By the time I woke up late the next morning, neither of my parents were home. My father owned a butcher’s shop, which my mother had taken over during his illness, so I went there and asked her about my father.

“Do you know what happened?” she asked. I didn’t.

“He’s better!”

I did a double take. “What?”

My father had woken up that morning feeling fine, and went straight to the doctor to get everything checked out. He was still at the doctor’s office when I went to the store.

The Rebbe had told me that I should go to yeshivah and that would help my father — and it was as though I received the reward before I even did anything. It wasn’t a complete recovery, but we did have a few more years with him, until his passing five years later.

For some reason, I decided not to tell my parents what the Rebbe had said; I only told them that I was going to yeshivah for another year — without putting it on the Rebbe. At that moment, keeping this information to myself seemed like the right thing to do. They weren’t thrilled that I wasn’t going to college, but I did what I had to do, and the next year I went to the Tomchei Temimim yeshivah in Morristown, New Jersey.

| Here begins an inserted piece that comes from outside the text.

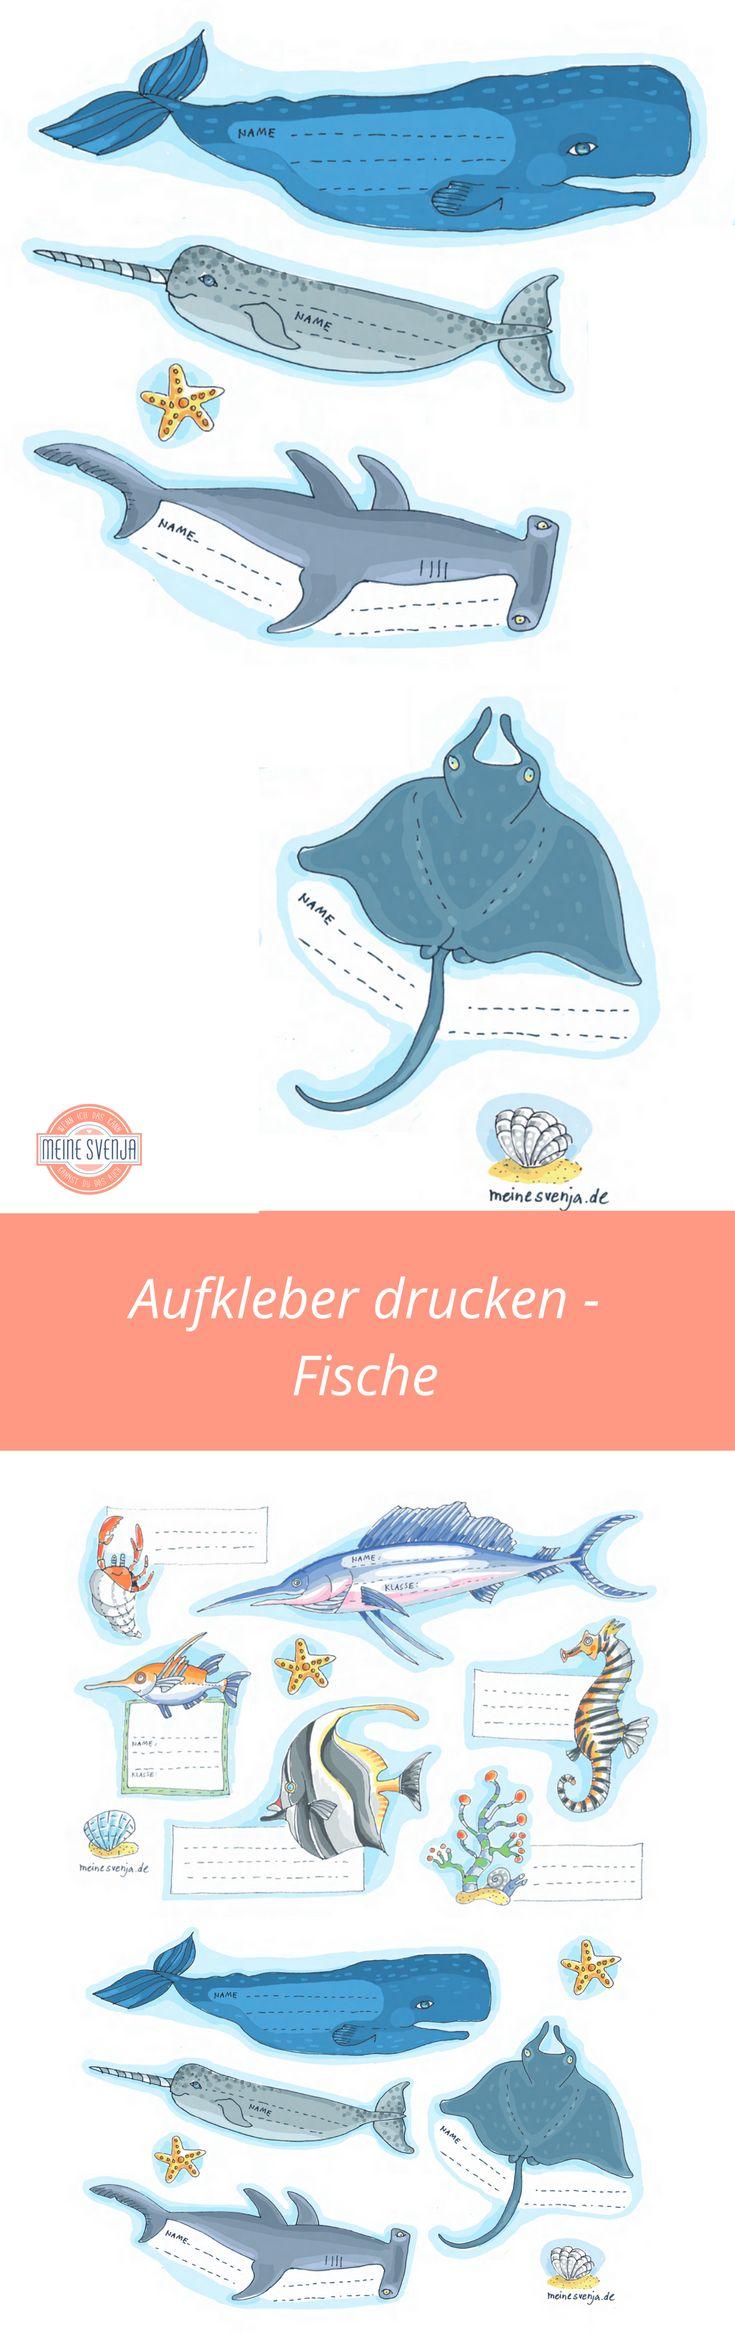 Malvorlagen kirschen pictures to pin on pinterest - Fische Zeichnung Aufkleber Drucken Als Kostenloser Download Fische Und Unterwasserwelten Als Heftetiketten Nutzen

By the end of that year, I decided that I wanted to stay in yeshivah for longer, and when my next birthday rolled around, in 1972, I came for another audience with the Rebbe.

This time, when I knocked on the door and walked in, the Rebbe was looking at me with the warmest smile I ever saw. He watched me as I walked from the door to his desk, smiling all the while — except for when he looked down to read the note I handed to him. Even when he answered me, he smiled as he spoke.

The Rebbe actually talked to me for a while, and several times, I heard the door open and close, as the secretary checked in to make sure that I wasn’t just eating up everyone else’s time.

When it was finally time for me to leave, the Rebbe kept on smiling at me as I walked all the way to the door.

In the end, I didn’t go to college at all. Instead, after I got married, I took a few computer programming courses. I have been in that field since 1981, and things ended up working out just fine. Actually, around the time that I got married and was looking for work, there was a dip in government contracts for aeronautical engineers. So, had I become one — like Sender Yonah — it would not have helped much.

While working as a software engineer, Rabbi Kalman Shor has also been teaching Torah classes and providing other community services at Chabad of Henderson, Nevada, since 2003. He was interviewed in December 2025.